Florida Senate approves making coding a foreign language – USA TODAY, March 1
You may not speak French, but do you speak Java? Florida senators approved legislation this week, allowing high students to take computer coding to fulfill a foreign-language requirement. The decision stems from an ongoing national discussion about including computer science in school curriculum. In today’s competitive and technological-focused job market, computer coding is considered an incredibly valuable skill to have, but is it a foreign language? Local organizations opposing the bill released a joint statement, expressing their concerns about the bill being a “misleading and mischievous misnomer.” Furthermore, some opposers argue that some major universities in the United States require two years of a foreign language that does not include coding. However, the proposed legislation would force Florida colleges to accept coding. While it’s great that Florida has that authority, they have no control over private or out-of-state universities do. Additionally, critics express concern over technological funding and resources, but Senator Jeremy Ring made a good point when he said, “If a school can’t afford instruments, should every school eliminate music classes?” Supporters, on the other hand, claim computer science is critical, stating that no matter which industry you go into, students need a technology understanding to compete in life. The bill is expected to pass this week, and if all goes well, it will make Florida the first state to substitute coding for foreign language.

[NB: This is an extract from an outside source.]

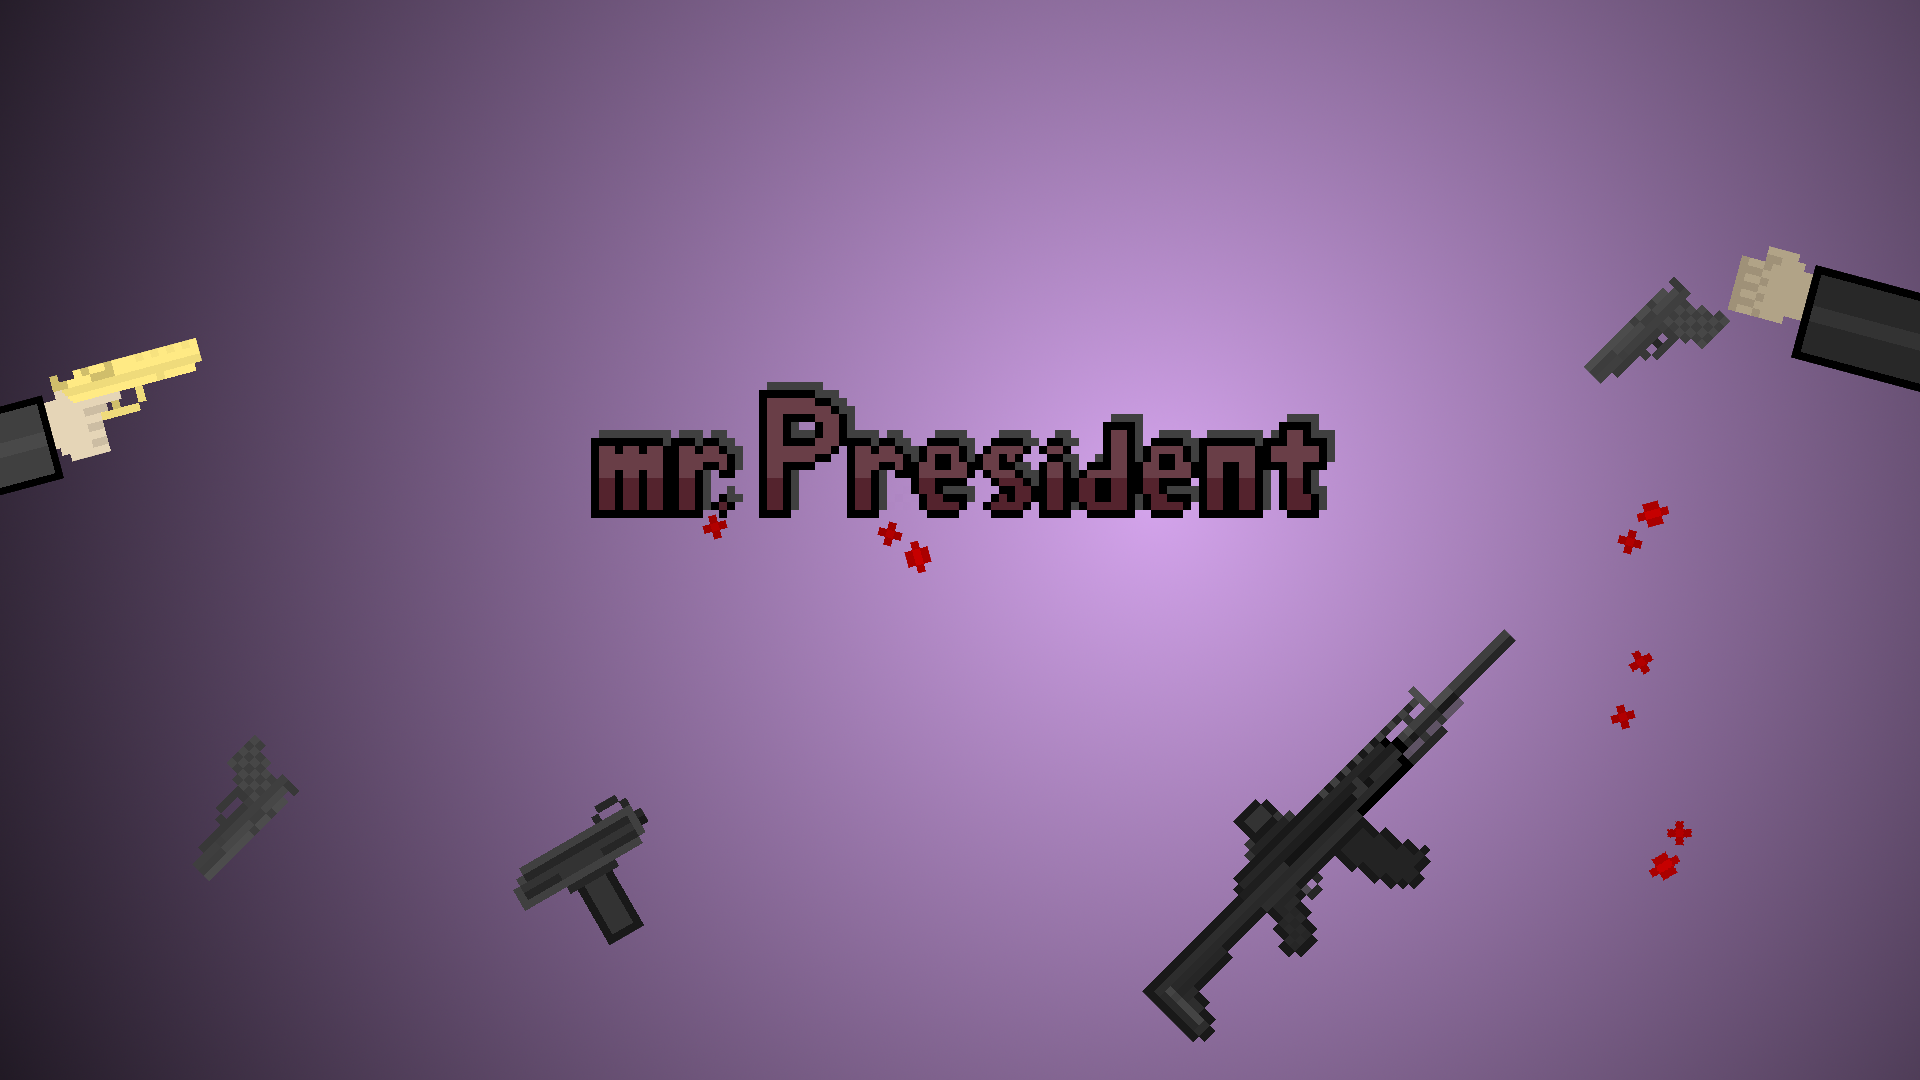 Mr president играть птичий мир 3д - a35ce

Key takeaway: The decision to bring computer science into the classroom has been an ongoing national discussion in recent months, and with the overwhelming approval from Florida senators (35-5), it only further solidifies the strong endorsement of this movement. There is no question that foreign language is important, but children and teens should have the option to which language they want to learn, whether that be a traditional (like Spanish) or a digital language (like Java). What do you think – should coding be considered a learned skill, and not a foreign language?